» RAW DATA:

BEGIN

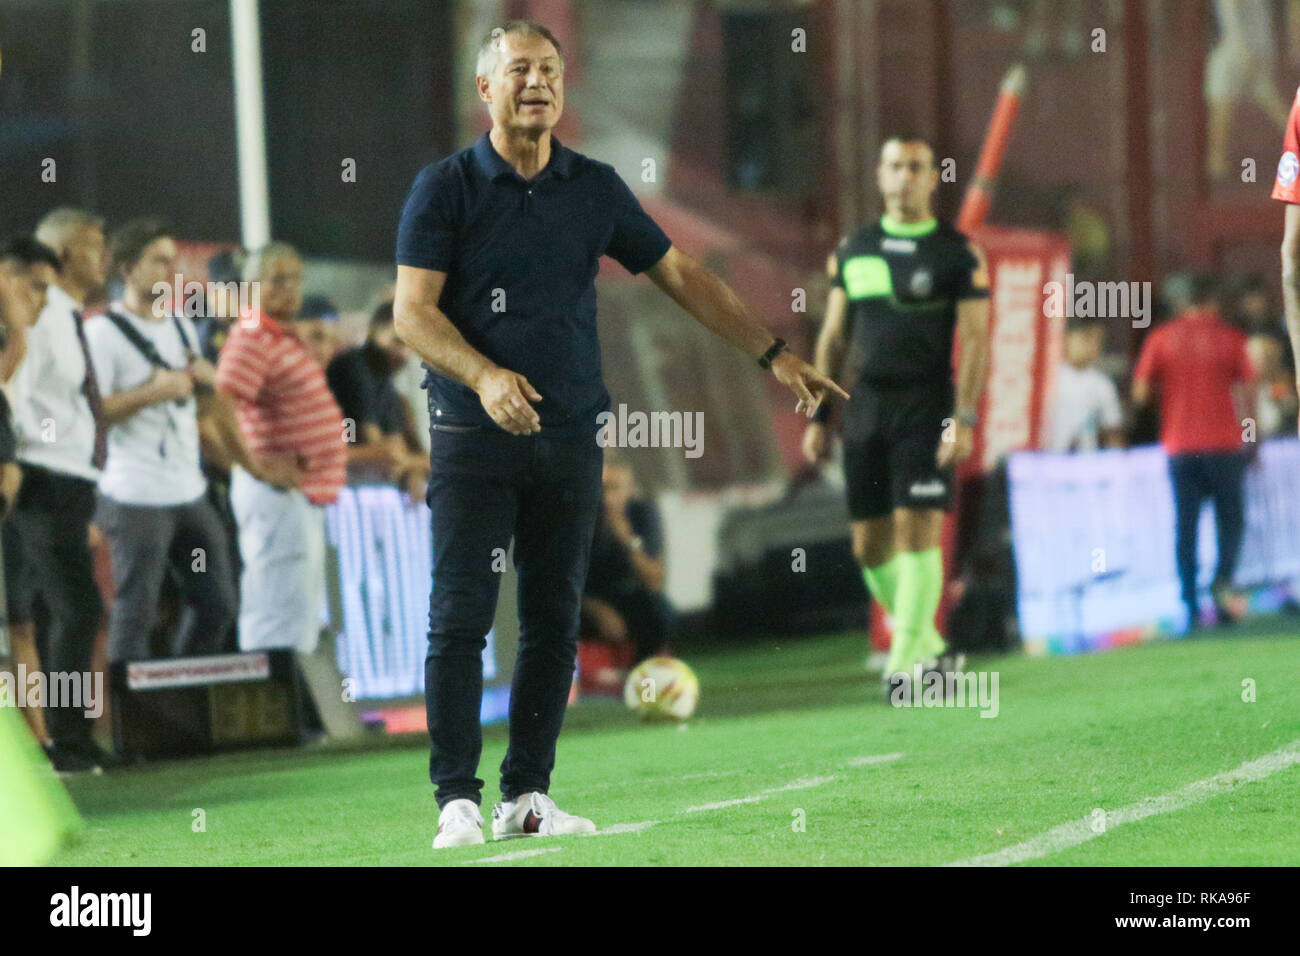 BUENOS AIRES, 09.02.2019: Ariel Holan, coach of Independiente, during the match of Superliga Argentina between INDEPENDIENTE and UNION on Libertadores de America Stadium on Buenos Aires, Argentina. (Photo: Néstor J. Beremblum / Alamy News) Stock Photo
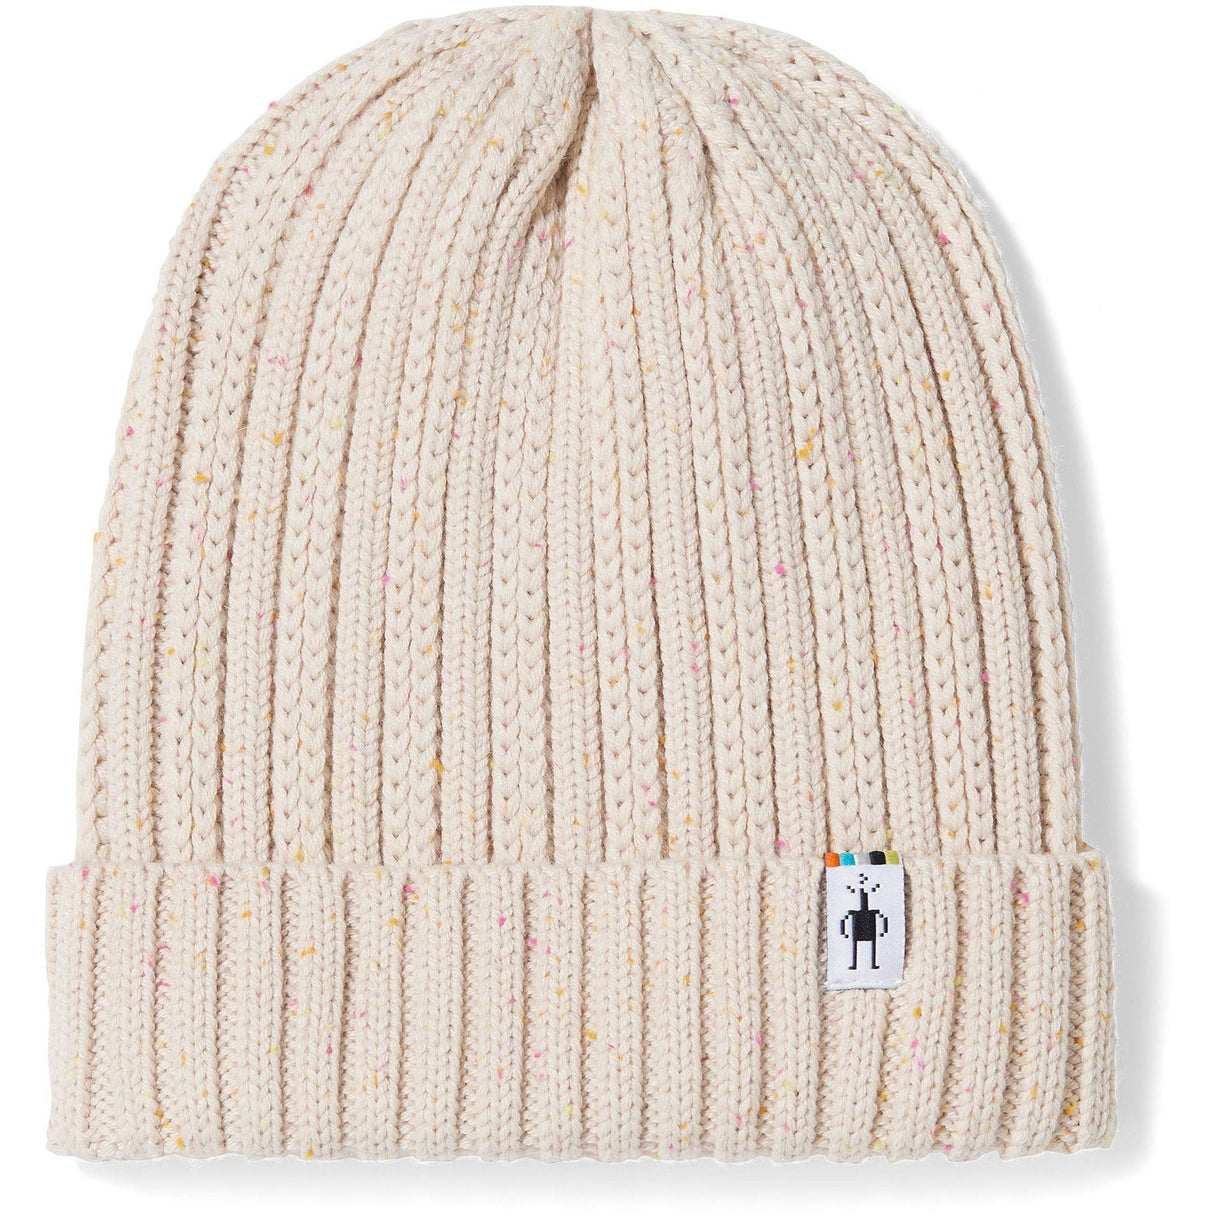 Smartwool Rib Knit Hat  -  One Size Fits Most / Almond Donegal
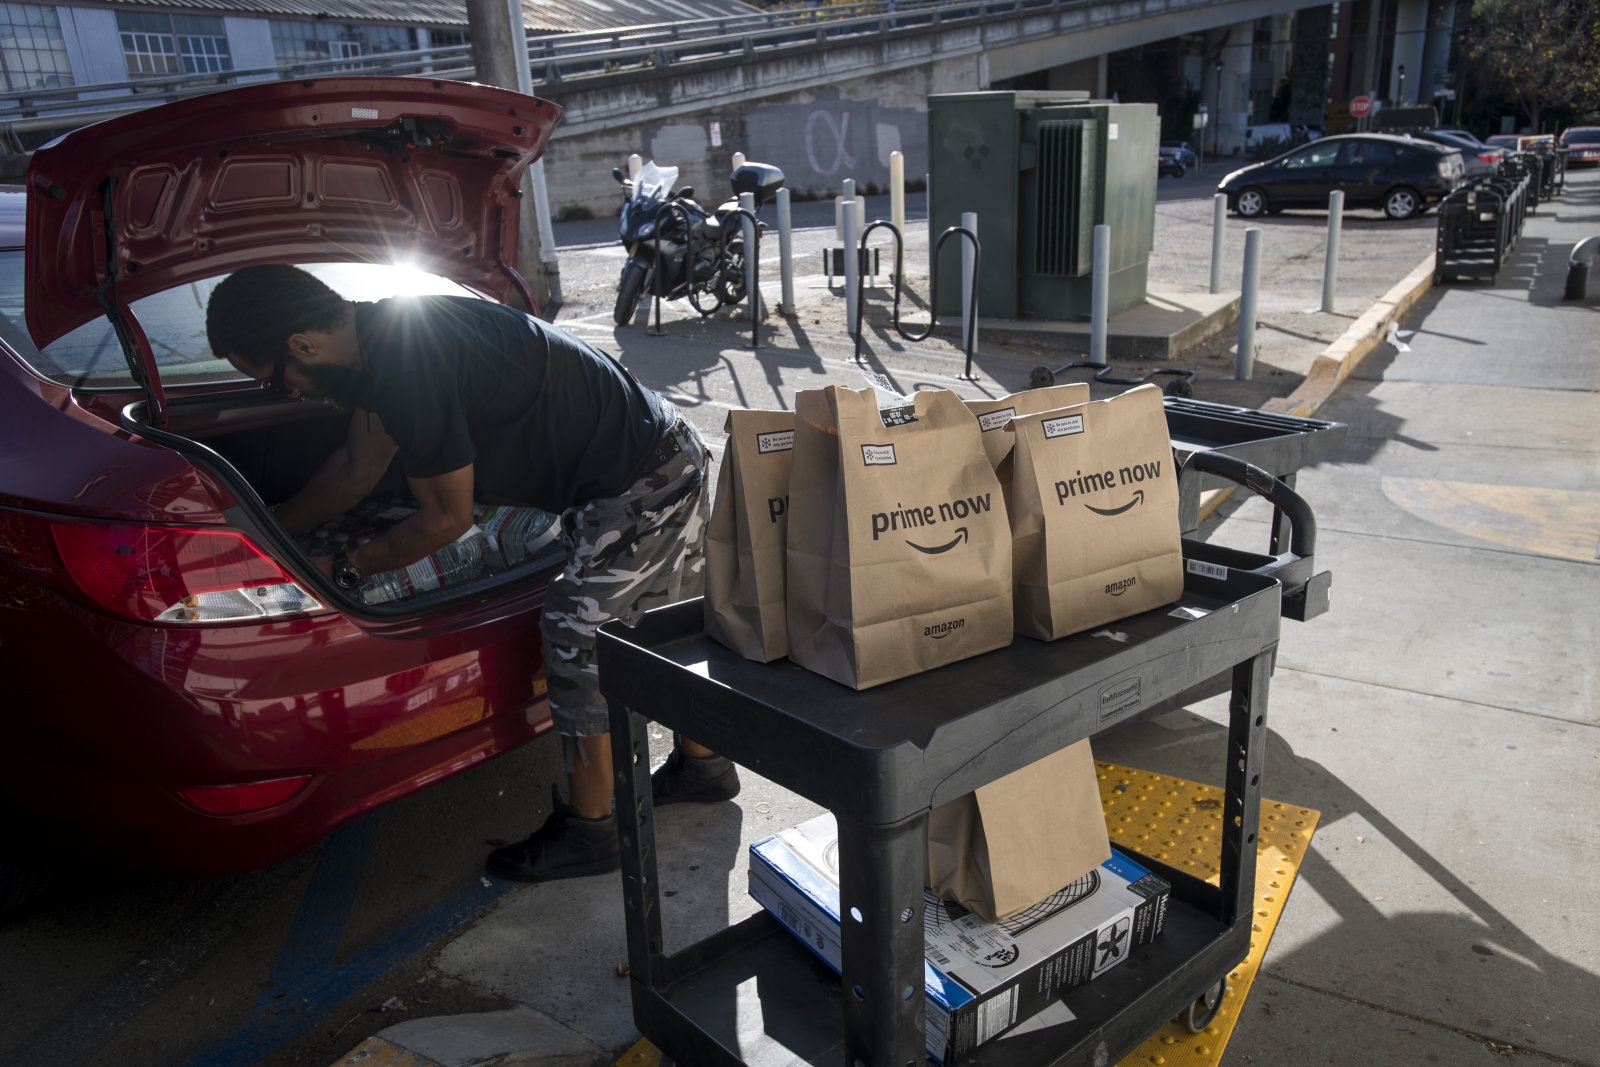 Amazon asks delivery drivers to verify their identities with selfies | DeviceDaily.com

END

» WHAT YOU ARE ASKED TO DO: In the copy you write, the data above must appear exactly, with no pictures.

» SOLUTION BELOW:
 BUENOS AIRES, 09.02.2019: Ariel Holan, coach of Independiente, during the match of Superliga Argentina between INDEPENDIENTE and UNION on Libertadores de America Stadium on Buenos Aires, Argentina. (Photo: Néstor J. Beremblum / Alamy News) Stock Photo
 Smartwool Rib Knit Hat  -  One Size Fits Most / Almond Donegal
 Amazon asks delivery drivers to verify their identities with selfies | DeviceDaily.com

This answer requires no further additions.